_Provided material_:
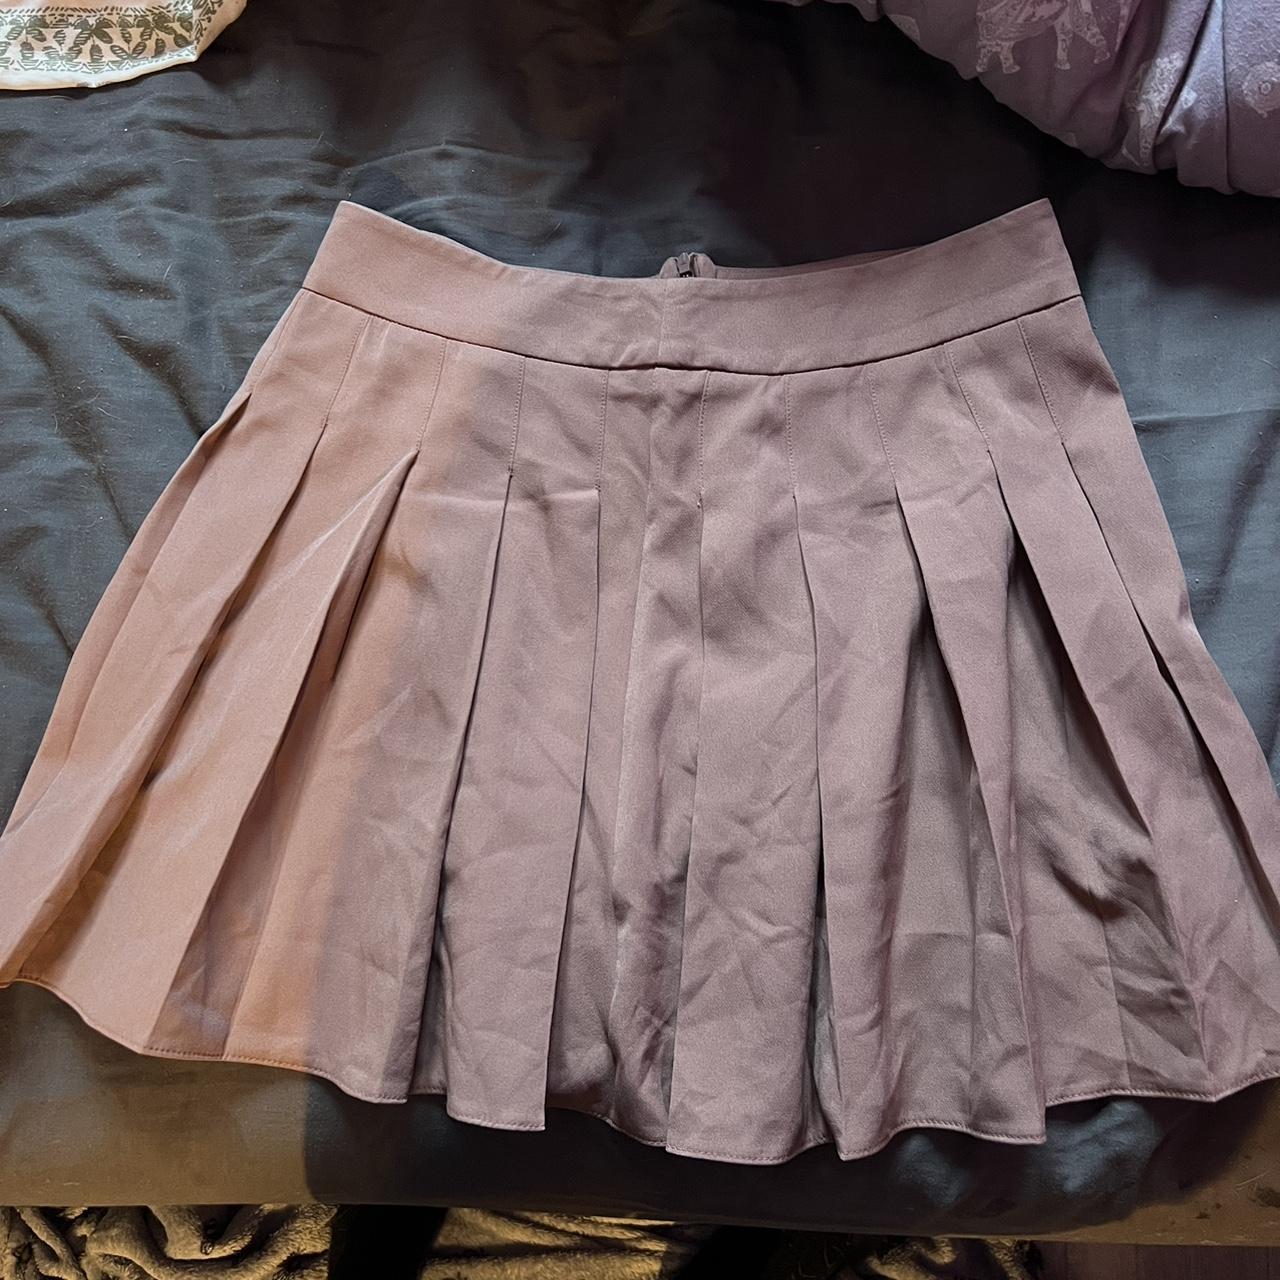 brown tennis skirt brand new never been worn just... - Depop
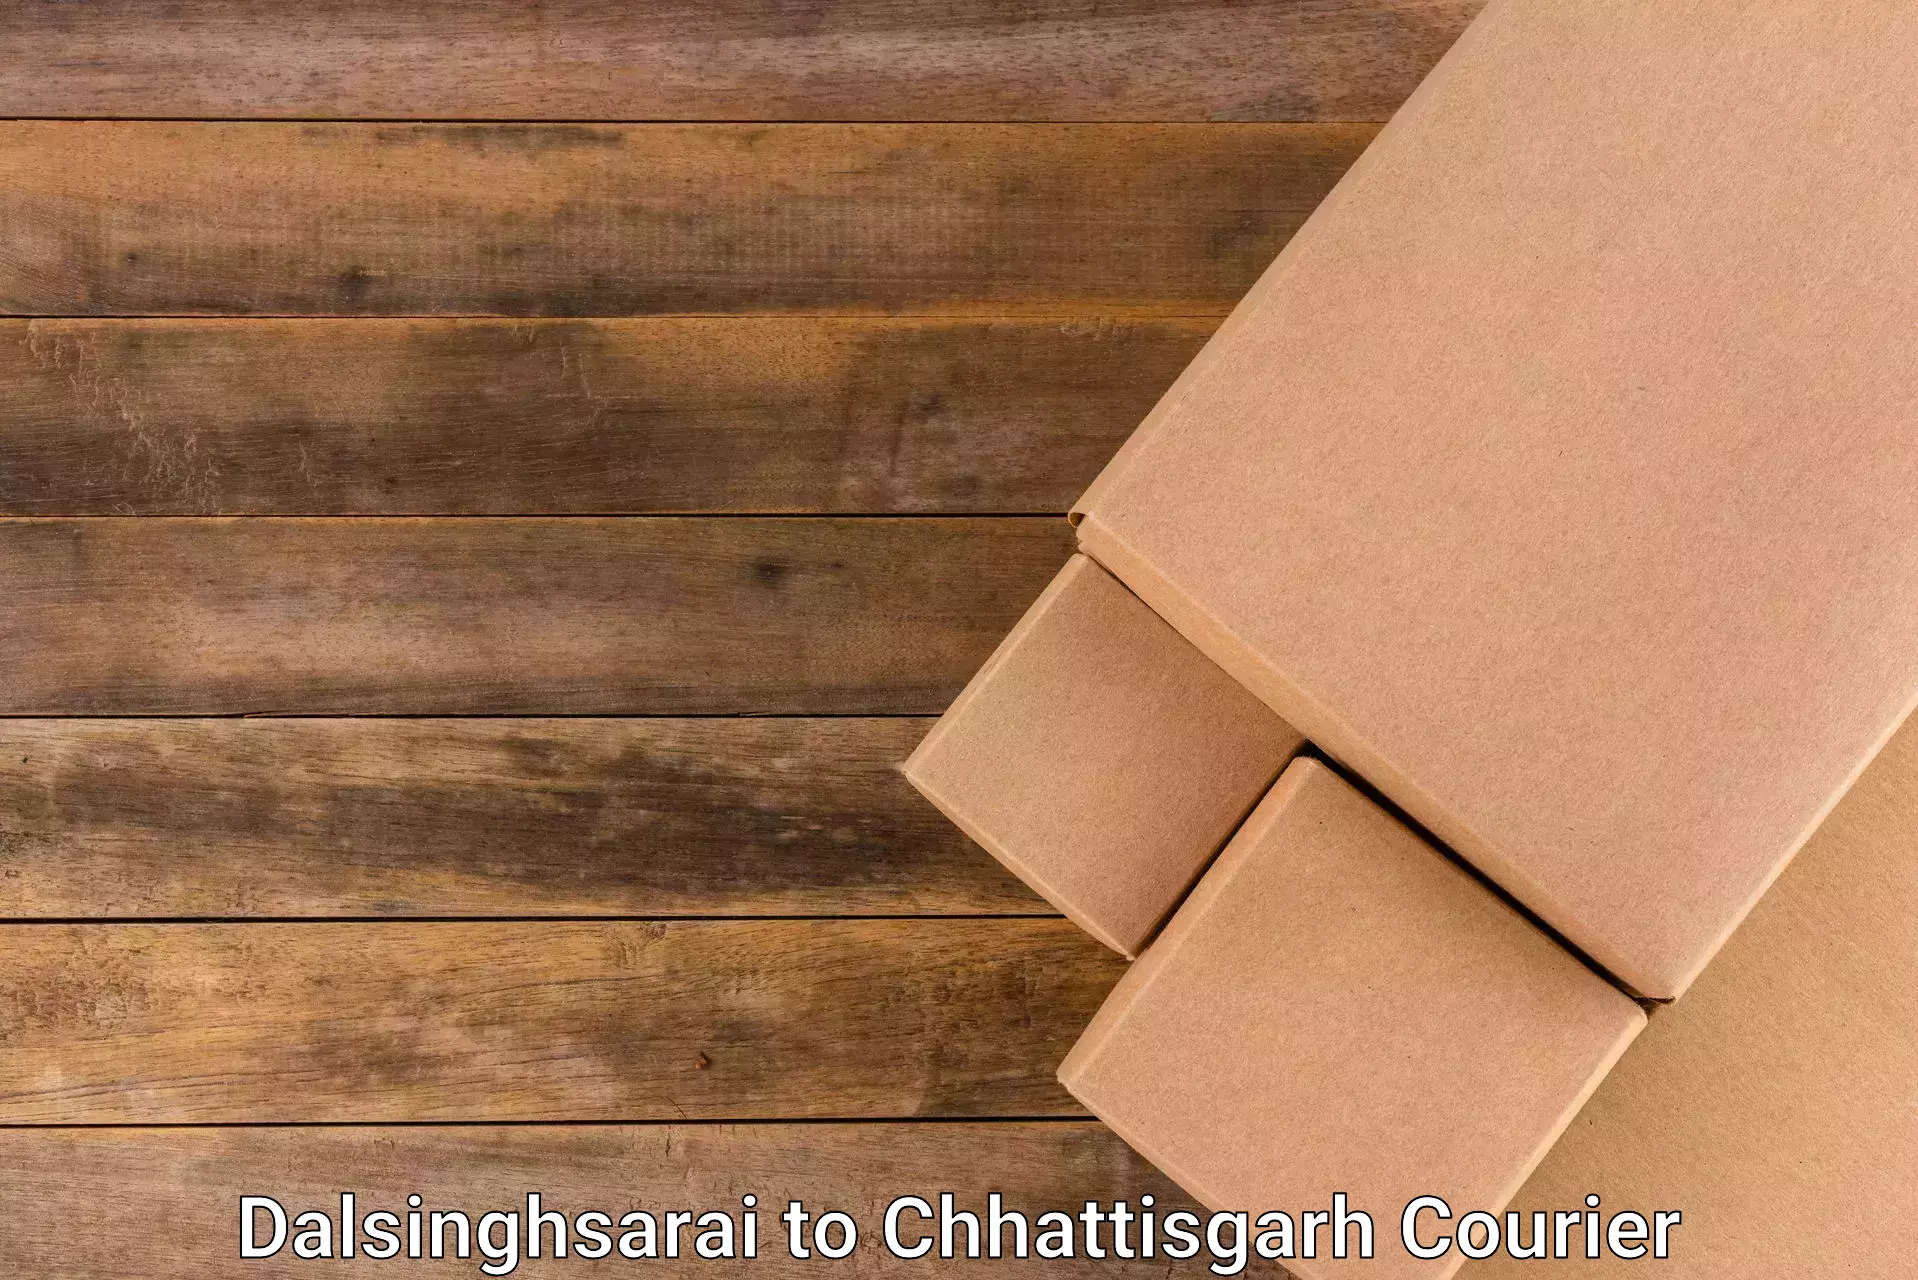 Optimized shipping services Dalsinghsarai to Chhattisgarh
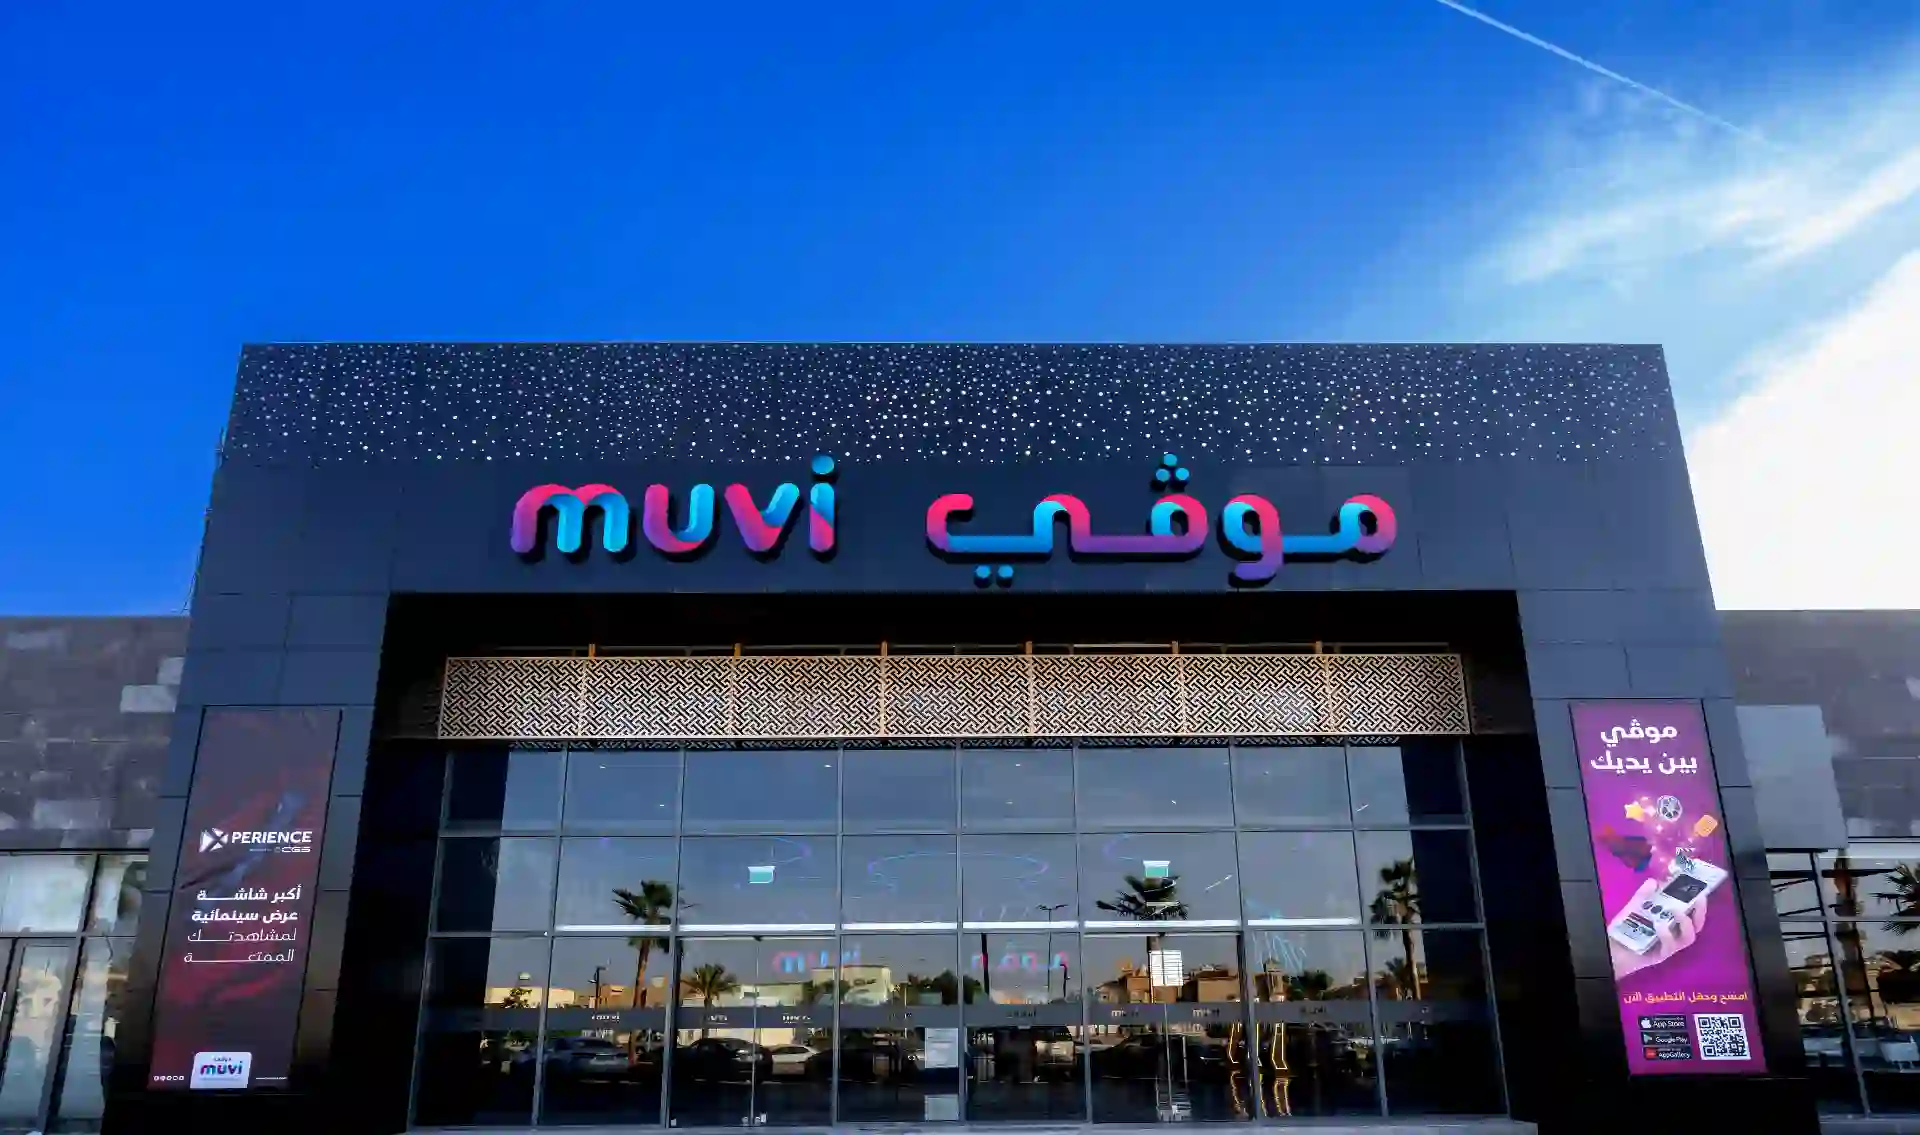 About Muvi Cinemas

_About this exercise_: Restate every line above word for word. Do not carry over the images.

_Solution to this exercise_:
 brown tennis skirt brand new never been worn just... - Depop
 Optimized shipping services Dalsinghsarai to Chhattisgarh
 About Muvi Cinemas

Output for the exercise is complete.